Jim Idle jimi at temporal-wave.com
Wed Nov 4 11:53:49 PST 2009


I think that you are of course somewhat correct in that there seem to be certain ways you can express things that cause such explosions, and perhaps these can be looked at case by case for the reasons why and fixed/improved.

But my experience tells me that the things that cause such explosions are generally not the greatest ways to express things anyway. Sure, if they are mathematically equivalent then they should resolve down to the same code. But there are so many ways to construct things that I think at times practicality gets in the way. Obviously equivalence has to be proven in some finite time, but more than that, just keeping the analysis code manageable seems desirable to some extent. However, as soon as users throw in actions then things like equivalence got out the window anyway.

So, I don't generally end up with such huge explosions and if I do I usually notice that my grammar looks a bit wonky anyway and there is a better/easier way to express things.

Of course, apart from the things that might or might not be improved, there are things that cannot be done because of how users organize things. For instance:

grammar t3;

r : SEQ* EOF ;

SEQ : (INT '.')?
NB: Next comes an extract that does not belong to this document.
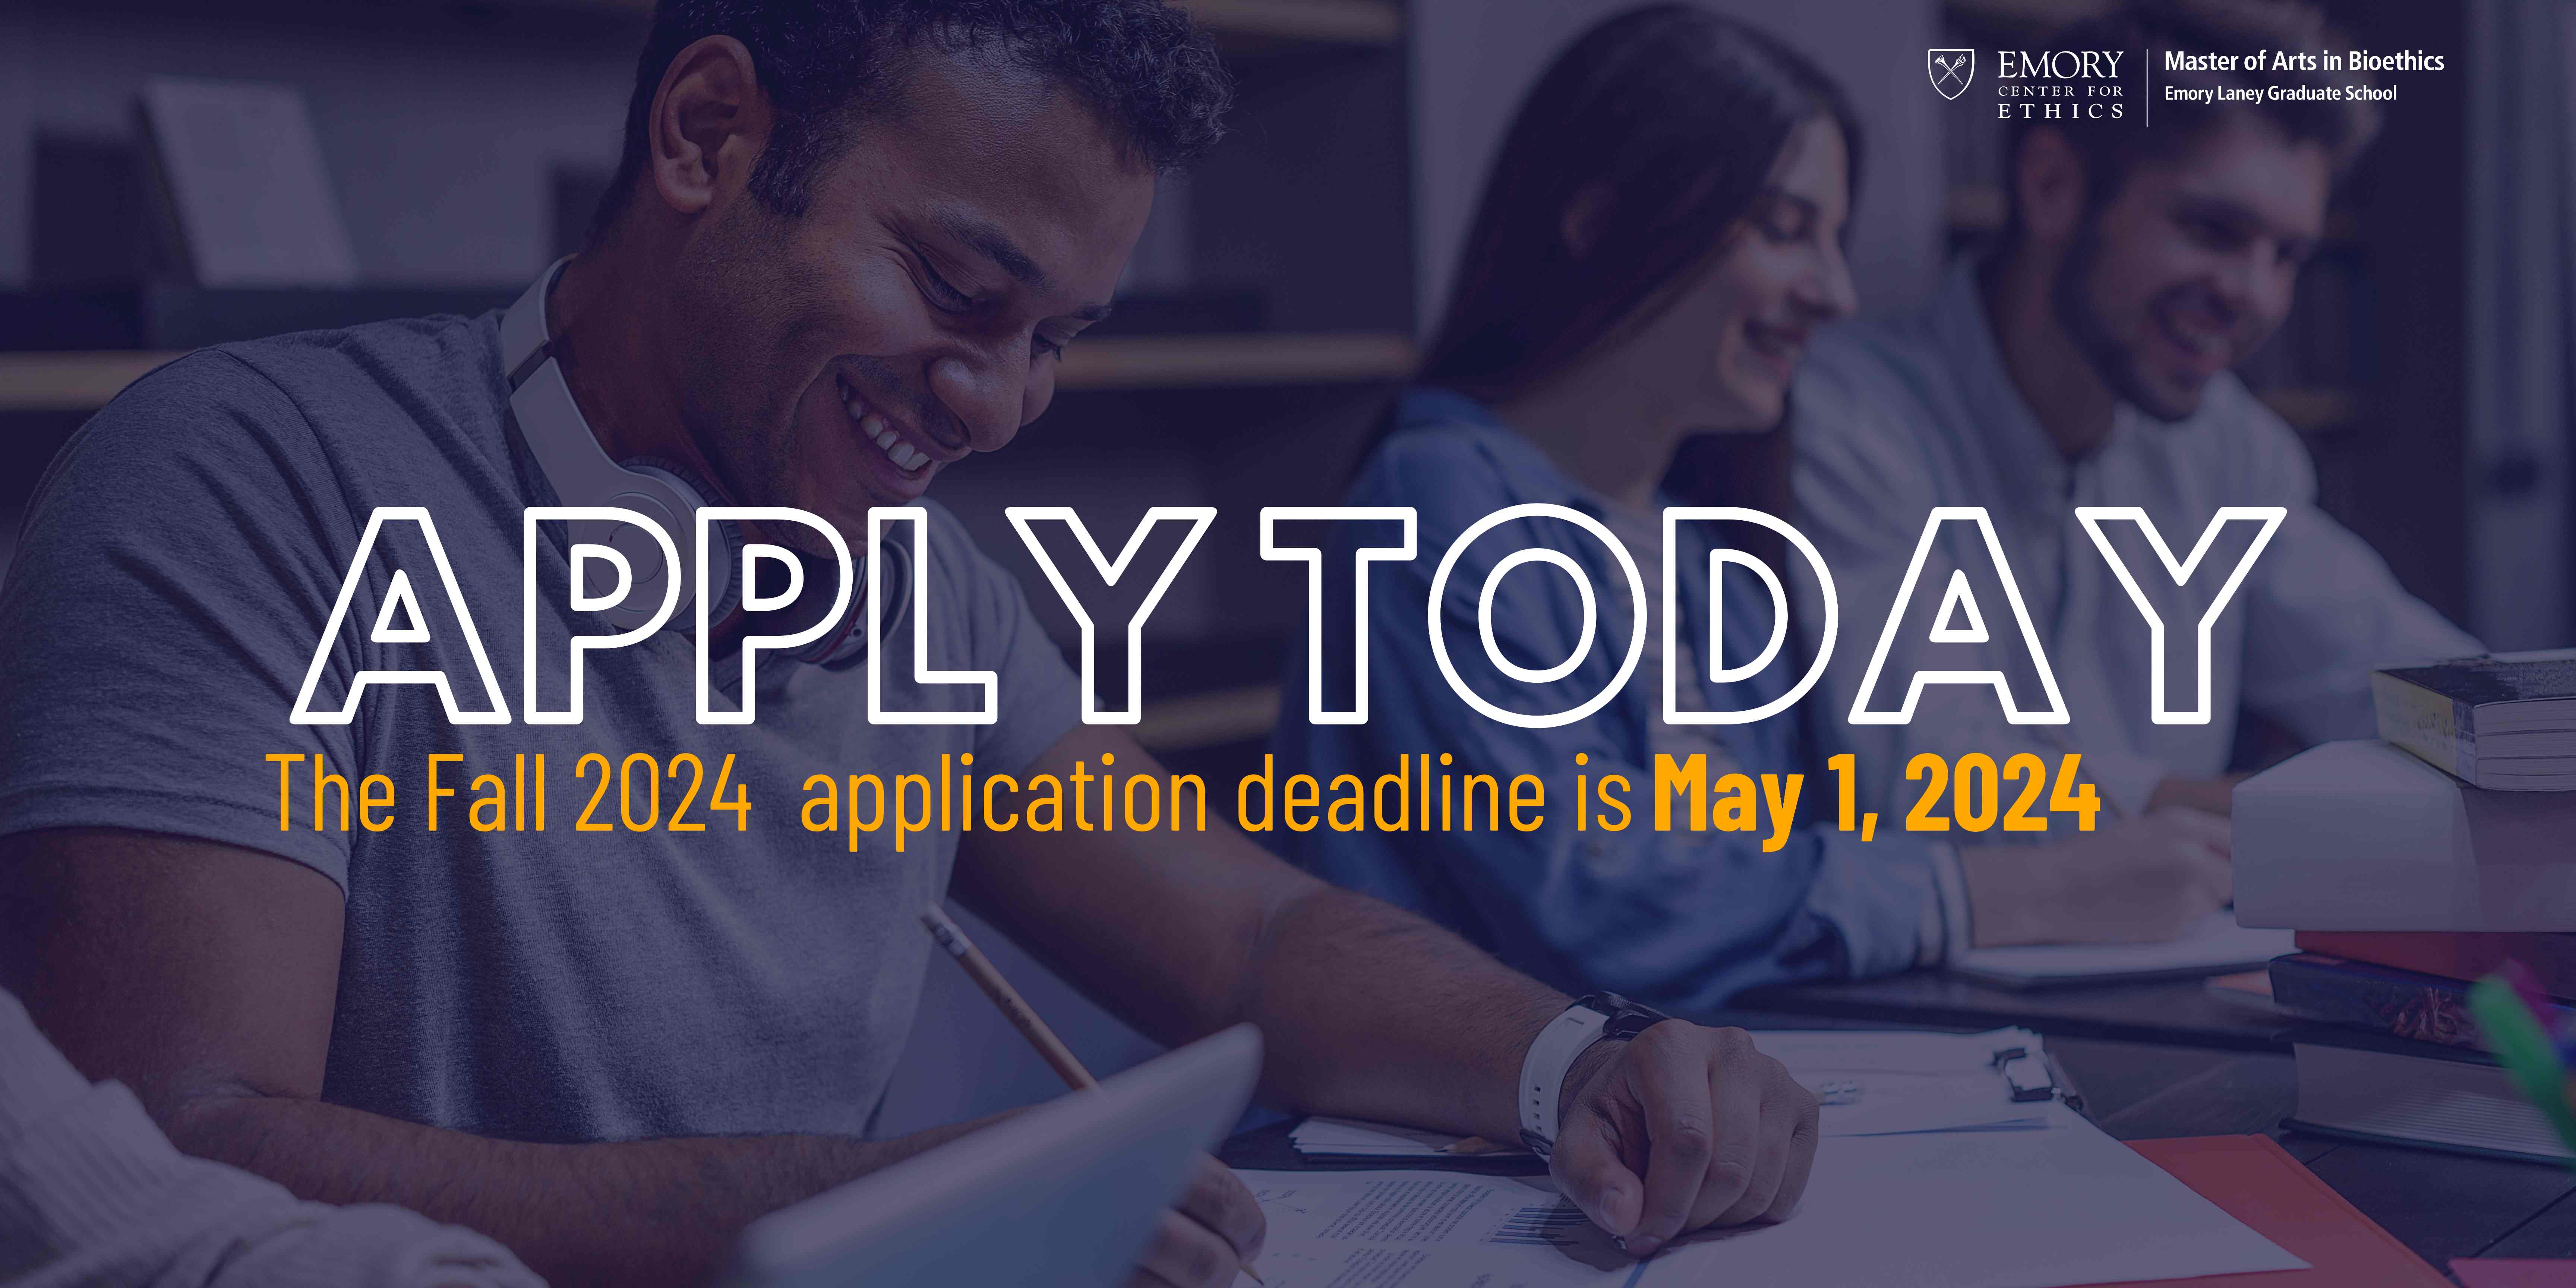 The Fall 2024 application deadline is May 1, 2024.

INT ;

fragment
INT :	'0'..'9'+
    ;

WS  :   ( ' '
        | '\t'
        | '\r'
        | '\n'
        ) {$channel=HIDDEN;}
    ;

In the SEQ rule, having the optional prefix causes quite a lot of DFA for what it is. However it is clearly equivalent to:

SEQ : INT ('.' INT)? ;

... for all practical purposes, which generates much simpler code. In a parser it is still trivial to write the AST according to what such elements 'mean' and even if you are placing actions directly in the parser, you can still construct it this second way (parser code is much better here - this is just a trivial example to labor a point). However, as soon as a user says:

SEQ : (INT '.' {action because this is present} )? INT ;

Then no amount of analysis can get around the fact that the action has to be executed. I only point out here that writing grammars without much thought to what is going on under the hood is probably not such a good idea in the first place.

In general I have seen that the user's organization of the grammar is the thing that far outweighs any cleverness that is lacking in ANTLR. But, I did say in general and "2 out of 3..." ;-). 
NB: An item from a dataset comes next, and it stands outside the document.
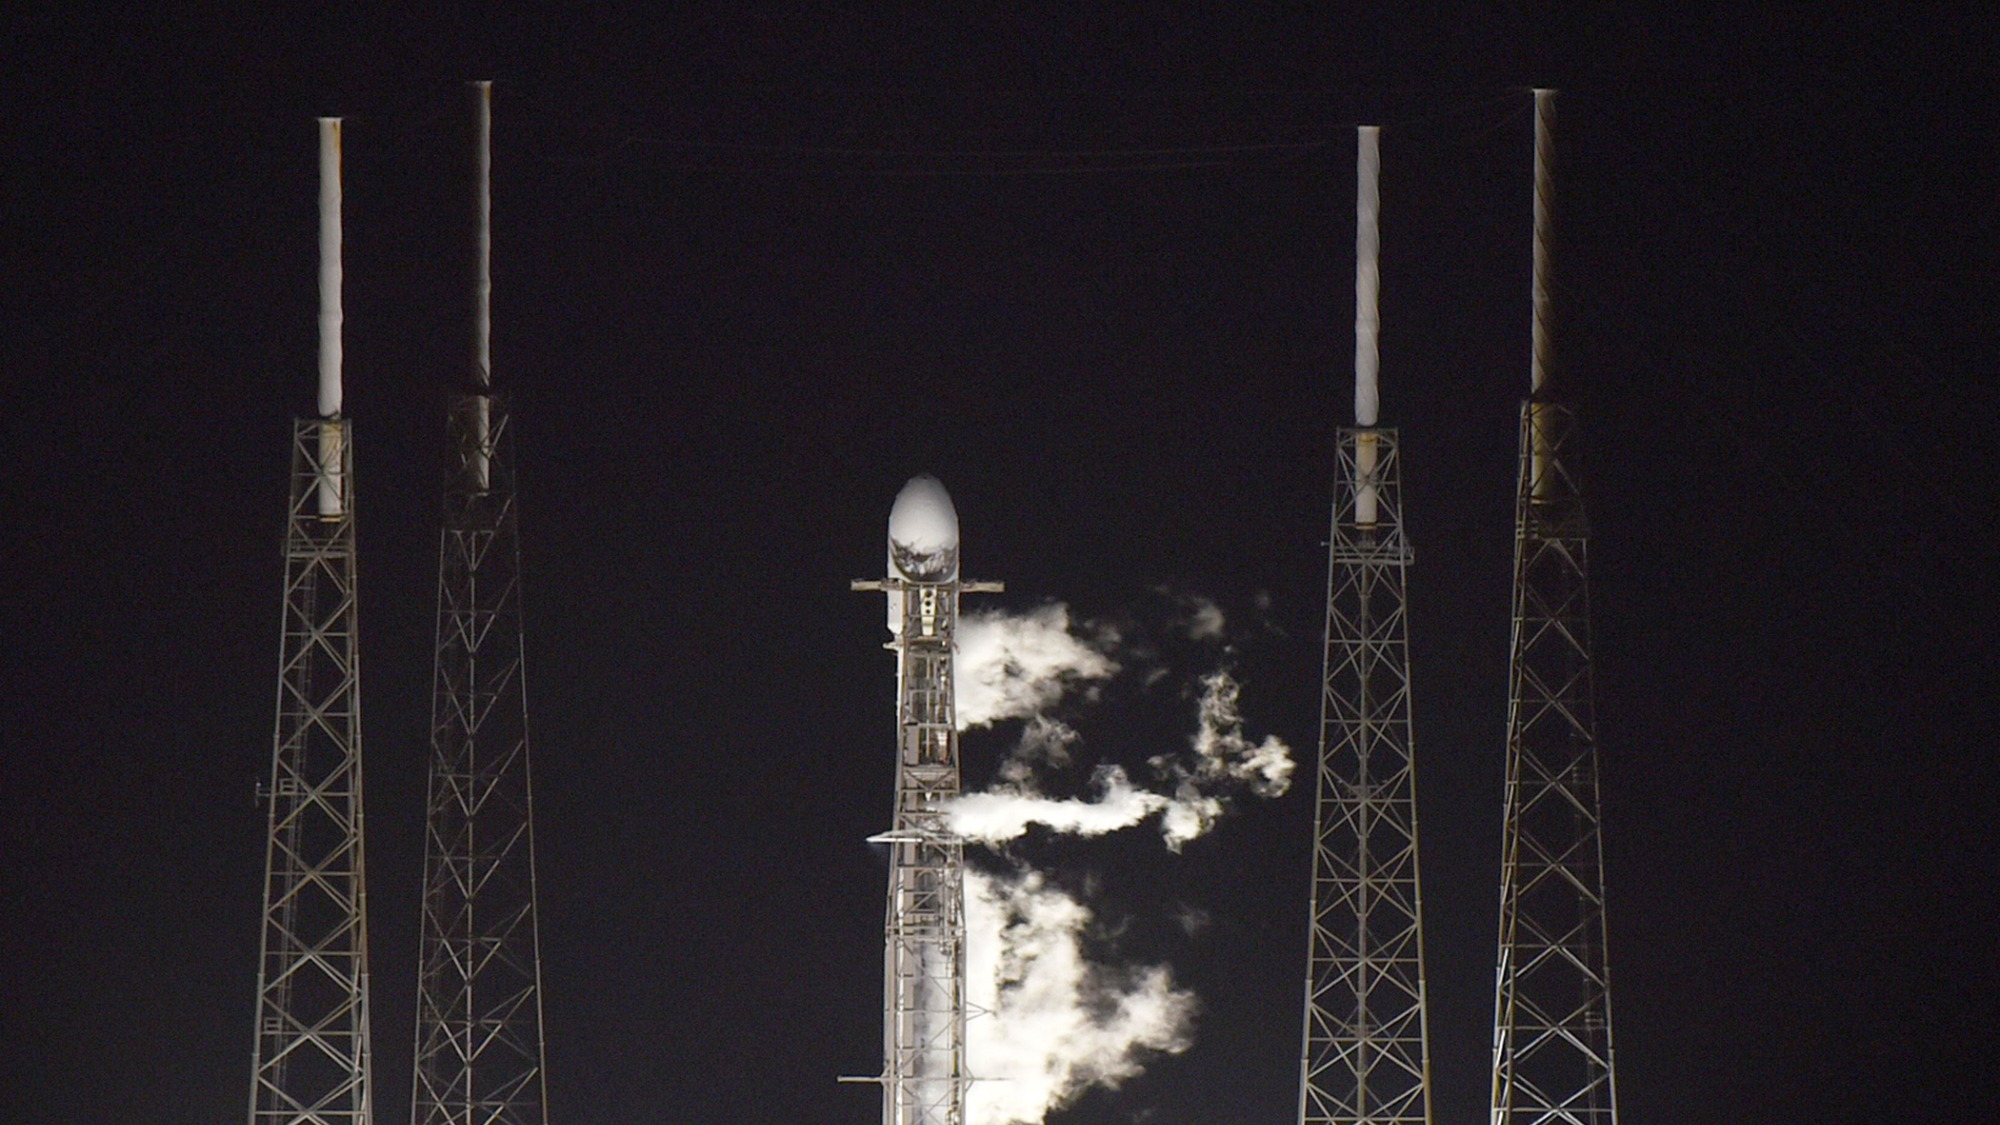 SpaceX Falcon 9 rocket readying for launch at night

At the end of the day, nothing is better than a well formed left factored grammar. People seem to think that backtracking or lots of predicates adds some readability to a grammar; personally I think it is the opposite and that what happens is that people train themselves to read/see it that way. Train yourself to see it differently and you will find backtracking grammars and lots of predicates totally get in the way of your thinking. 

Of course, horses for courses as they say, but as a professional programmer, one should usually strive to produce neat, well crafted stuff and not throw stuff together and hope the tool set works it out for you. I hasten to add here that I am not throwing that accusation at the people involved here - I have no idea how they put their grammars together.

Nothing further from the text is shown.